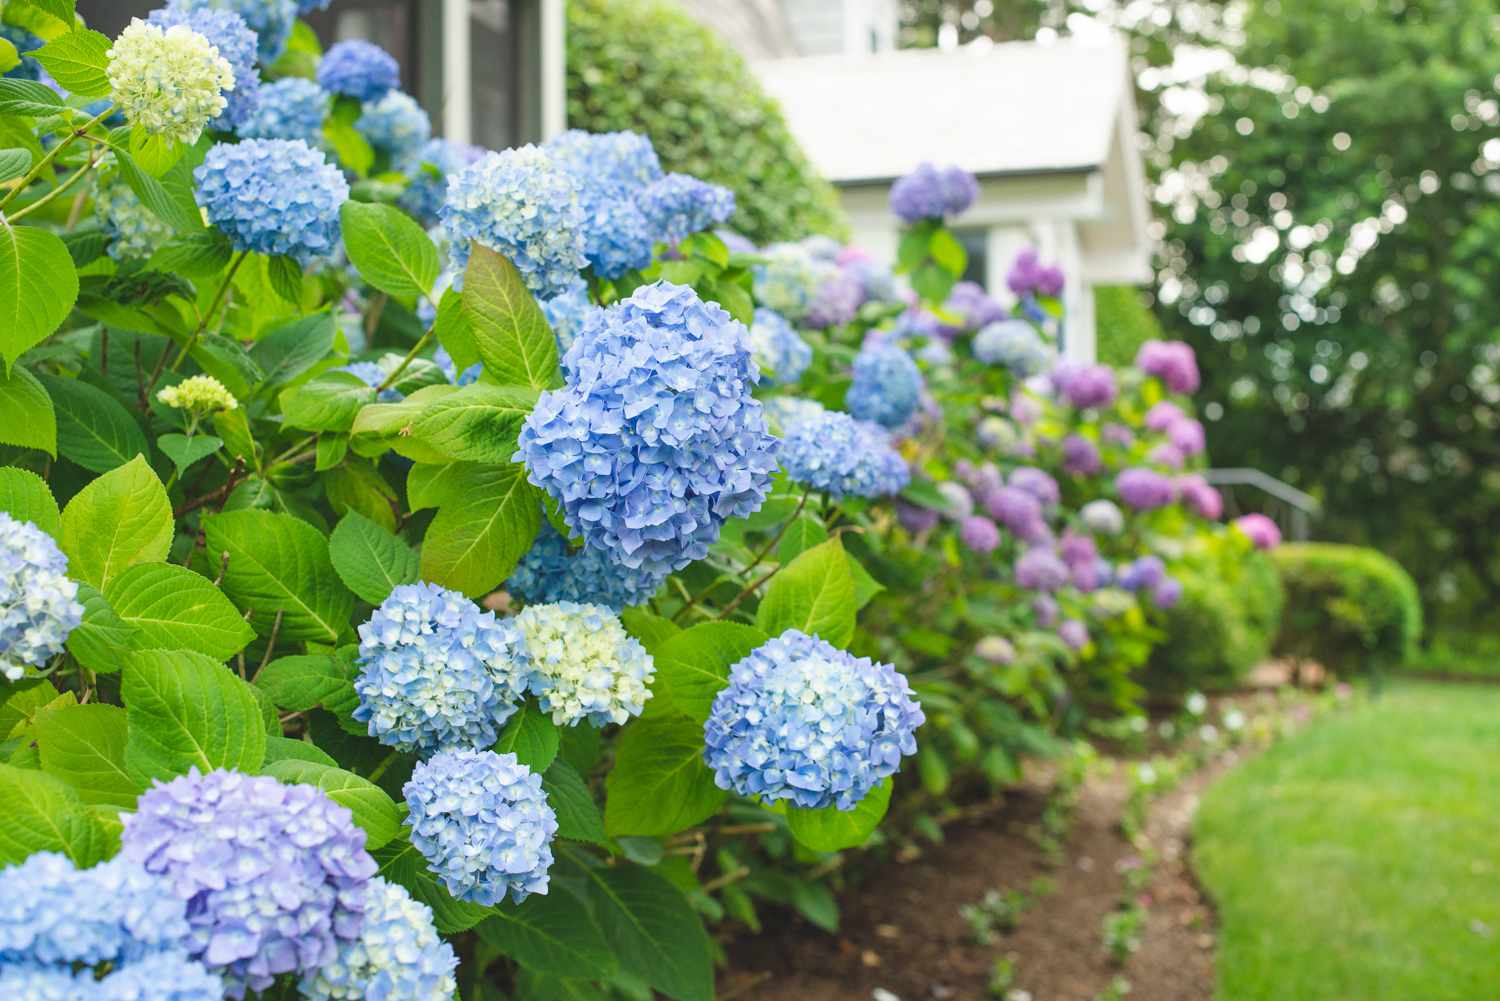 Optimal Watering Schedule For A One Yard Tall Hydrangea Bush: How Much Water Is Needed And When To Water
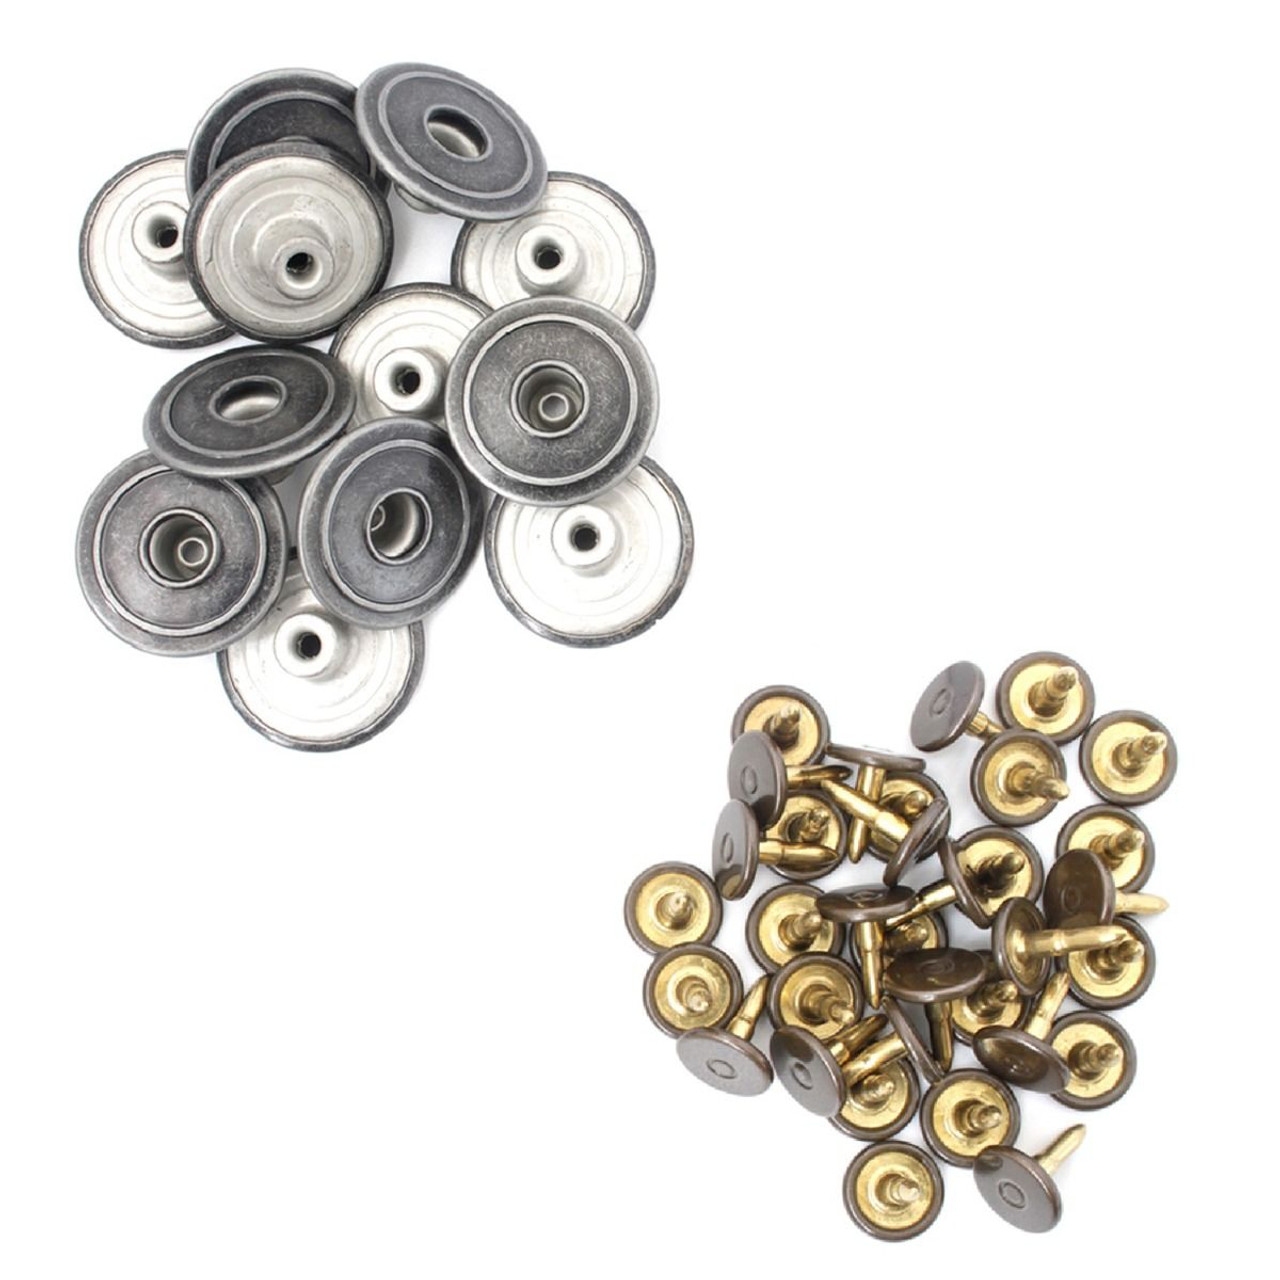 KAM 22mm Jean Buttons Gunmetal Snap Fastener Adjustable Durable No Sew  Metal Buttons for Repair Clothing - 10pcs
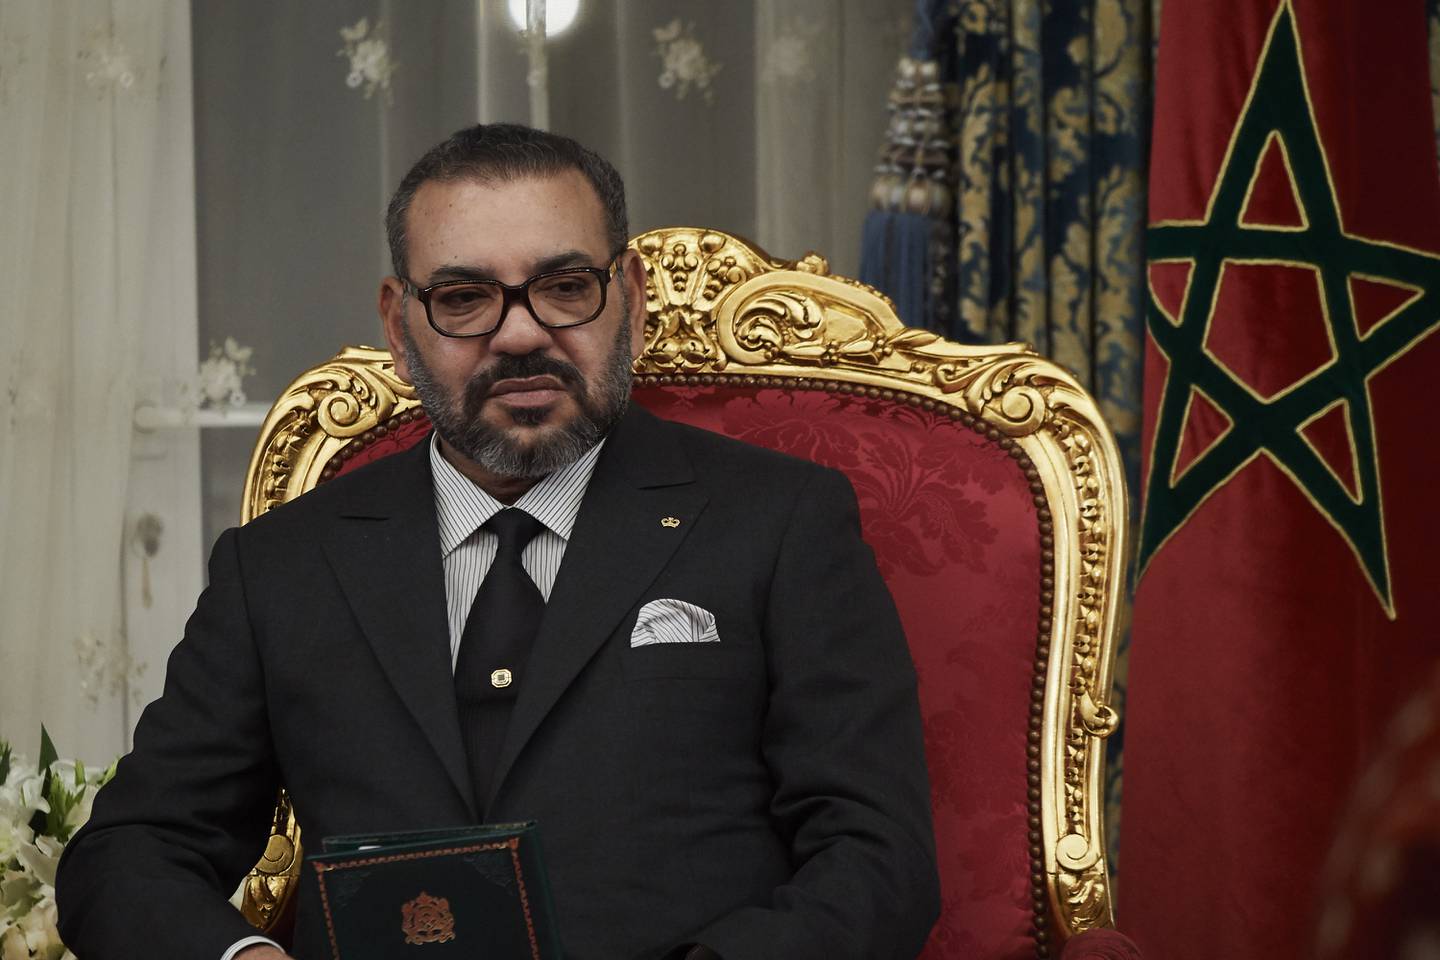 RABAT, MOROCCO - FEBRUARY 13: King Mohammed VI of Morocco  attends the signing of bilateral agreements at the Agdal Royal Palace on February 13, 2019 in Rabat, Morocco. The Spanish Royals are on a two day visit to Morocco. (Photo by Carlos Alvarez/Getty Images)
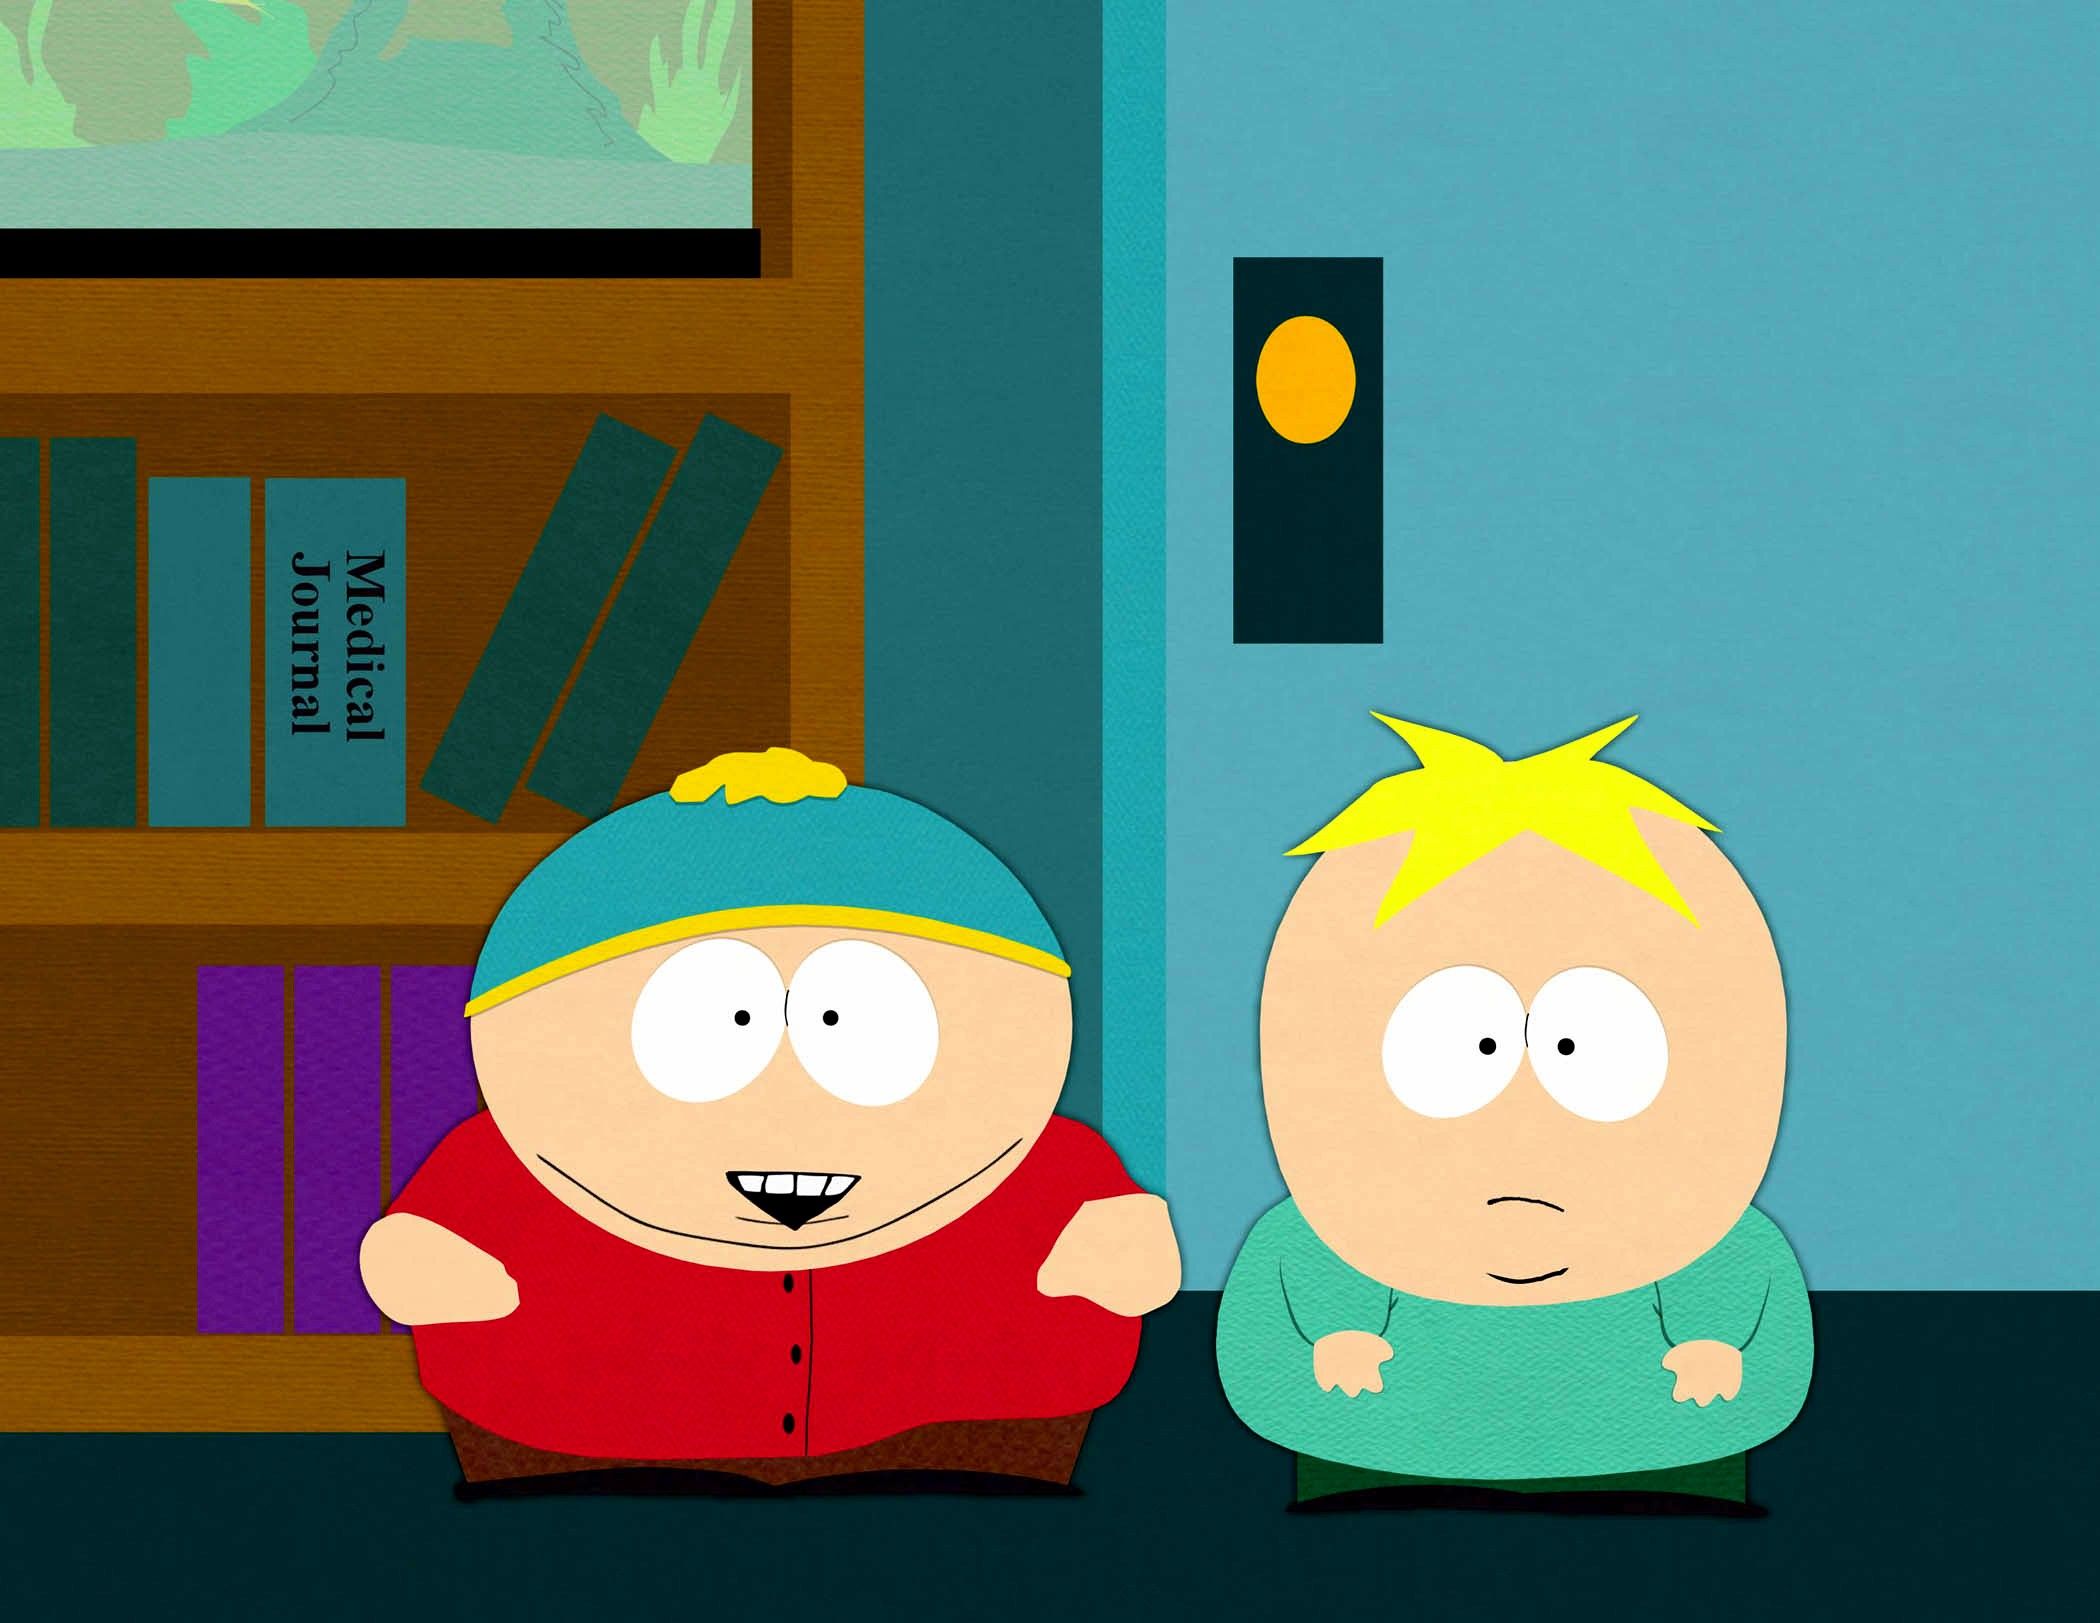 South Park Cartman and Butters

▶ _Try it_: Copy nothing but the lines from the first one in the listing through the line with "KAM 22mm Jean", and omit the pictures.

▶ _Answer for the task_:
 Optimal Watering Schedule For A One Yard Tall Hydrangea Bush: How Much Water Is Needed And When To Water
 KAM 22mm Jean Buttons Gunmetal Snap Fastener Adjustable Durable No Sew  Metal Buttons for Repair Clothing - 10pcs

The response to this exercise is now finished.